## WORK ITEM
Copy word for word, please, the lines of the entries below running from the one containing "image shows a woman canoeing" to the one containing "Mom holding baby with text overlay", both ends included.

## INFORMATION
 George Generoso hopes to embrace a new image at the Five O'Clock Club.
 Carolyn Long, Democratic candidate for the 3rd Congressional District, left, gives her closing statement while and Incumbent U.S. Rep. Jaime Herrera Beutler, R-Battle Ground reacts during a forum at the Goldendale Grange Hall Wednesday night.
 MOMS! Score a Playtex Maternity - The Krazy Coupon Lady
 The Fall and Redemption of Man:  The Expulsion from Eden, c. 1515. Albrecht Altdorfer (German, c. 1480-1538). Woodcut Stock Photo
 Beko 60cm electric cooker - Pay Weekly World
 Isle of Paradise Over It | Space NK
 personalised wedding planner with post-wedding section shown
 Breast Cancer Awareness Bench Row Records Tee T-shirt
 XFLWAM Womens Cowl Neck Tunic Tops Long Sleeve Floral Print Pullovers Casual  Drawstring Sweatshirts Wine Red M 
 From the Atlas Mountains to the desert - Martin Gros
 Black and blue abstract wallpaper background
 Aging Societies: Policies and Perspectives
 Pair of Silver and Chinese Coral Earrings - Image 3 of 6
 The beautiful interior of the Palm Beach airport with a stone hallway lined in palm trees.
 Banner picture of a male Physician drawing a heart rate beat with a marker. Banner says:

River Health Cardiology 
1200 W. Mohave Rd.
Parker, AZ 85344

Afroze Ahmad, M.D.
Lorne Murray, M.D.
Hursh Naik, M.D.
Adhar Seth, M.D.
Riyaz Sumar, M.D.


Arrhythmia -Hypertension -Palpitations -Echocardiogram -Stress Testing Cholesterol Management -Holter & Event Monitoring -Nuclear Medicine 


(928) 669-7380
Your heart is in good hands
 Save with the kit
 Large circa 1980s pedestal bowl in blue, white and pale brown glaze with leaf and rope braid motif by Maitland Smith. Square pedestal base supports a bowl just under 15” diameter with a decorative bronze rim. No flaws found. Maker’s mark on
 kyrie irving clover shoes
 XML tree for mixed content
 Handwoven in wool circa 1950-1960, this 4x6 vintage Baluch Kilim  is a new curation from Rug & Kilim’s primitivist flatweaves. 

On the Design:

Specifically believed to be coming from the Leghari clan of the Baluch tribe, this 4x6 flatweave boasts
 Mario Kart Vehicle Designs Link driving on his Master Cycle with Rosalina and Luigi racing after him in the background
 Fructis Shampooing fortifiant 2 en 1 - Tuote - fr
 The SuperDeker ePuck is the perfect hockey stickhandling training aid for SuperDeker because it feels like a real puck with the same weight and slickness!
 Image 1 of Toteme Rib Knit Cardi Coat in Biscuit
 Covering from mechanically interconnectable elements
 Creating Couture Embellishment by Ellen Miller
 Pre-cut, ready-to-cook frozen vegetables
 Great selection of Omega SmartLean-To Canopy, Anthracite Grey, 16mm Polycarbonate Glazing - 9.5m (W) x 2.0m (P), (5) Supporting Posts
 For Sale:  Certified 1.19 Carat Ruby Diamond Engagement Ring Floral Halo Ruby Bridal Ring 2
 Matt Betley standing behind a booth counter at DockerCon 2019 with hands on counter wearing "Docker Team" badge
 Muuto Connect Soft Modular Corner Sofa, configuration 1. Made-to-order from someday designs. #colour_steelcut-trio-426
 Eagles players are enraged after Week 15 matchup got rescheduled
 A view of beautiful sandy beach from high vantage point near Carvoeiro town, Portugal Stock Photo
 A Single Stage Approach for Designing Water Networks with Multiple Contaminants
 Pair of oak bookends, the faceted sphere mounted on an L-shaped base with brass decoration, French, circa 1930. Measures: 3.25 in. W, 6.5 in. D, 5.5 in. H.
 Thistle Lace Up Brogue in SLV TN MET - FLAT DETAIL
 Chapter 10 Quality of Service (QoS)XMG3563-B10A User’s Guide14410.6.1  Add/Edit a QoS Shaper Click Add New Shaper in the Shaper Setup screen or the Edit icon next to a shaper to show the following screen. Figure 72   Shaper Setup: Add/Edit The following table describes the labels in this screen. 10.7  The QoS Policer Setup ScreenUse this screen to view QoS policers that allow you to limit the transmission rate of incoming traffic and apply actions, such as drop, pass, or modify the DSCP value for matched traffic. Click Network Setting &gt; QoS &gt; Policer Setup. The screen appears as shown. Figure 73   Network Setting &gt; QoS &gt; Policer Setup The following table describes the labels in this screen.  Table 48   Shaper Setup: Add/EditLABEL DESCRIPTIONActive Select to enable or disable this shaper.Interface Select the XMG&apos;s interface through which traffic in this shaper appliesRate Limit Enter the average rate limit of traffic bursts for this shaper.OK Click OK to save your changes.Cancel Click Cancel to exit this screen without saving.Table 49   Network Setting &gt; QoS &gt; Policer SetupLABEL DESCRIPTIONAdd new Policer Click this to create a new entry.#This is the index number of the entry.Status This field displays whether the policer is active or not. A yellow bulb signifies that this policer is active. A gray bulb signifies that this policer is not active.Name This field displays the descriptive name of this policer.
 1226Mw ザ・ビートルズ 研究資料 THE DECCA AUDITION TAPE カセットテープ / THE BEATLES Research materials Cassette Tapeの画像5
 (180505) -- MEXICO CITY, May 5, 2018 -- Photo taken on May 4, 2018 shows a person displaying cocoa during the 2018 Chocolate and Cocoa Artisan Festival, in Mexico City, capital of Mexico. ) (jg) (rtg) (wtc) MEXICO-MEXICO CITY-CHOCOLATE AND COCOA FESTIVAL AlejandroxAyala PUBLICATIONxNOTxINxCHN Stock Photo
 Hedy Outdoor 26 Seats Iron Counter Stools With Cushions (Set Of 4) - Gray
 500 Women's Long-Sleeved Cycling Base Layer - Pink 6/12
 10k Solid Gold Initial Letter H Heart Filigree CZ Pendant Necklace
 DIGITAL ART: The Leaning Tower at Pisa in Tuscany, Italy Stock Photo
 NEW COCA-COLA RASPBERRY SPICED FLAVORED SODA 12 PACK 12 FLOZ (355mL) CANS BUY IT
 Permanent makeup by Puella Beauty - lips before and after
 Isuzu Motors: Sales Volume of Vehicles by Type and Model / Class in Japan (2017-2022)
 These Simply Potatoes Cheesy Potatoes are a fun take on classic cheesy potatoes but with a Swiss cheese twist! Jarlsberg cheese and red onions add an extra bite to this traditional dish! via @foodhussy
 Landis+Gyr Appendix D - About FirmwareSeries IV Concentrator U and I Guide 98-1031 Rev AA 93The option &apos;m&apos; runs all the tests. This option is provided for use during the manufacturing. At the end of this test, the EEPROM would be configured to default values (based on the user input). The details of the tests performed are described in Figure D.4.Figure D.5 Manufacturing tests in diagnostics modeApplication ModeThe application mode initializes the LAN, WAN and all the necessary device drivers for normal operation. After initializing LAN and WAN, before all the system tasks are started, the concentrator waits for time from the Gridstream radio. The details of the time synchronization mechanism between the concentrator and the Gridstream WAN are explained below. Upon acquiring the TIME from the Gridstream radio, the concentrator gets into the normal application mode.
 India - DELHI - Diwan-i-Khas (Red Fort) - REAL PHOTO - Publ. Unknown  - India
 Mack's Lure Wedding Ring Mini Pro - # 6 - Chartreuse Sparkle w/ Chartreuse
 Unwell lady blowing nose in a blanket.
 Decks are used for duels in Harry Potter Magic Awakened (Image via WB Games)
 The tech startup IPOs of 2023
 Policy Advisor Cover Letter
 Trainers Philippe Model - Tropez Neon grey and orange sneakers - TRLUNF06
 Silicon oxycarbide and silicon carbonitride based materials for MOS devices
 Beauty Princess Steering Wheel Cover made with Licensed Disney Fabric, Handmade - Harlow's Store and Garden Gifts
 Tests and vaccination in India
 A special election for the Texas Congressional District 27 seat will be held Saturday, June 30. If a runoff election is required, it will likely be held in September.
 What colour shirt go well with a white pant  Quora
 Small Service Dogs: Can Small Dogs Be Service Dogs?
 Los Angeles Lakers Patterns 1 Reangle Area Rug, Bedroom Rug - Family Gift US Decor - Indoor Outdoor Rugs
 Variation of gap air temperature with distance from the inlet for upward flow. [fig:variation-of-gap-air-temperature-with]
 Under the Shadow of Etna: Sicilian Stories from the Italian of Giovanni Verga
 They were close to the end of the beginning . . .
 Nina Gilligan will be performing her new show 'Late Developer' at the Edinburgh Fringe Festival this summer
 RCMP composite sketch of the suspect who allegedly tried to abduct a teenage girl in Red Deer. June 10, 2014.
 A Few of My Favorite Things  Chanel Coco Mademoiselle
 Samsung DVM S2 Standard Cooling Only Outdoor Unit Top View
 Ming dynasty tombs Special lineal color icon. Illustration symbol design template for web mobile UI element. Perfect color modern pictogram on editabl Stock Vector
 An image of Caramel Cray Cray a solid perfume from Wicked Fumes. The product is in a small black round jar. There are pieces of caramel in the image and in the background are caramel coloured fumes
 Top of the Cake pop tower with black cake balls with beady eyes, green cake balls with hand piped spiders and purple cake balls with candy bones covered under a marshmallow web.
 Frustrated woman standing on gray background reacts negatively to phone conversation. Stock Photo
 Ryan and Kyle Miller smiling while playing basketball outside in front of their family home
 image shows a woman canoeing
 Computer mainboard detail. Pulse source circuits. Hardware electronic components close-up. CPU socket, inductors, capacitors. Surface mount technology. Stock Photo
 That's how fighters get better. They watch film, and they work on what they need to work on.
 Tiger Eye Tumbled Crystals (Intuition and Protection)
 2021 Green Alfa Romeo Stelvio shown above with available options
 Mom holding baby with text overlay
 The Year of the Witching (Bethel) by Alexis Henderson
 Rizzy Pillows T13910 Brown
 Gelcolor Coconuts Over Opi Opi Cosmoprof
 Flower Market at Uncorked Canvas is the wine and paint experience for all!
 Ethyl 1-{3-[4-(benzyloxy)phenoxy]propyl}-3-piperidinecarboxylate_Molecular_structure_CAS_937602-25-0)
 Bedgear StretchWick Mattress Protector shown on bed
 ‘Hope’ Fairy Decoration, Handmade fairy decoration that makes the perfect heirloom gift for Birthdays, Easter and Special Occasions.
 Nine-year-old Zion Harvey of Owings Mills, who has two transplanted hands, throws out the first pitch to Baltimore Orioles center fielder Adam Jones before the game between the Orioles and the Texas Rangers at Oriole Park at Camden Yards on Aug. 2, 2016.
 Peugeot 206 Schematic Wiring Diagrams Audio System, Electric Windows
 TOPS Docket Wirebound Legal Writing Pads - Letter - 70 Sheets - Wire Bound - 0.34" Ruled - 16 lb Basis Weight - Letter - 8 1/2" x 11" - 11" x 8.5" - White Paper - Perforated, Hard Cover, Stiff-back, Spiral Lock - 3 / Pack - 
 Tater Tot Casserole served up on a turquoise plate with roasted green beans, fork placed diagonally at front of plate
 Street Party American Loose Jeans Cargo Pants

## EXERCISE RESULT
 image shows a woman canoeing
 Computer mainboard detail. Pulse source circuits. Hardware electronic components close-up. CPU socket, inductors, capacitors. Surface mount technology. Stock Photo
 That's how fighters get better. They watch film, and they work on what they need to work on.
 Tiger Eye Tumbled Crystals (Intuition and Protection)
 2021 Green Alfa Romeo Stelvio shown above with available options
 Mom holding baby with text overlay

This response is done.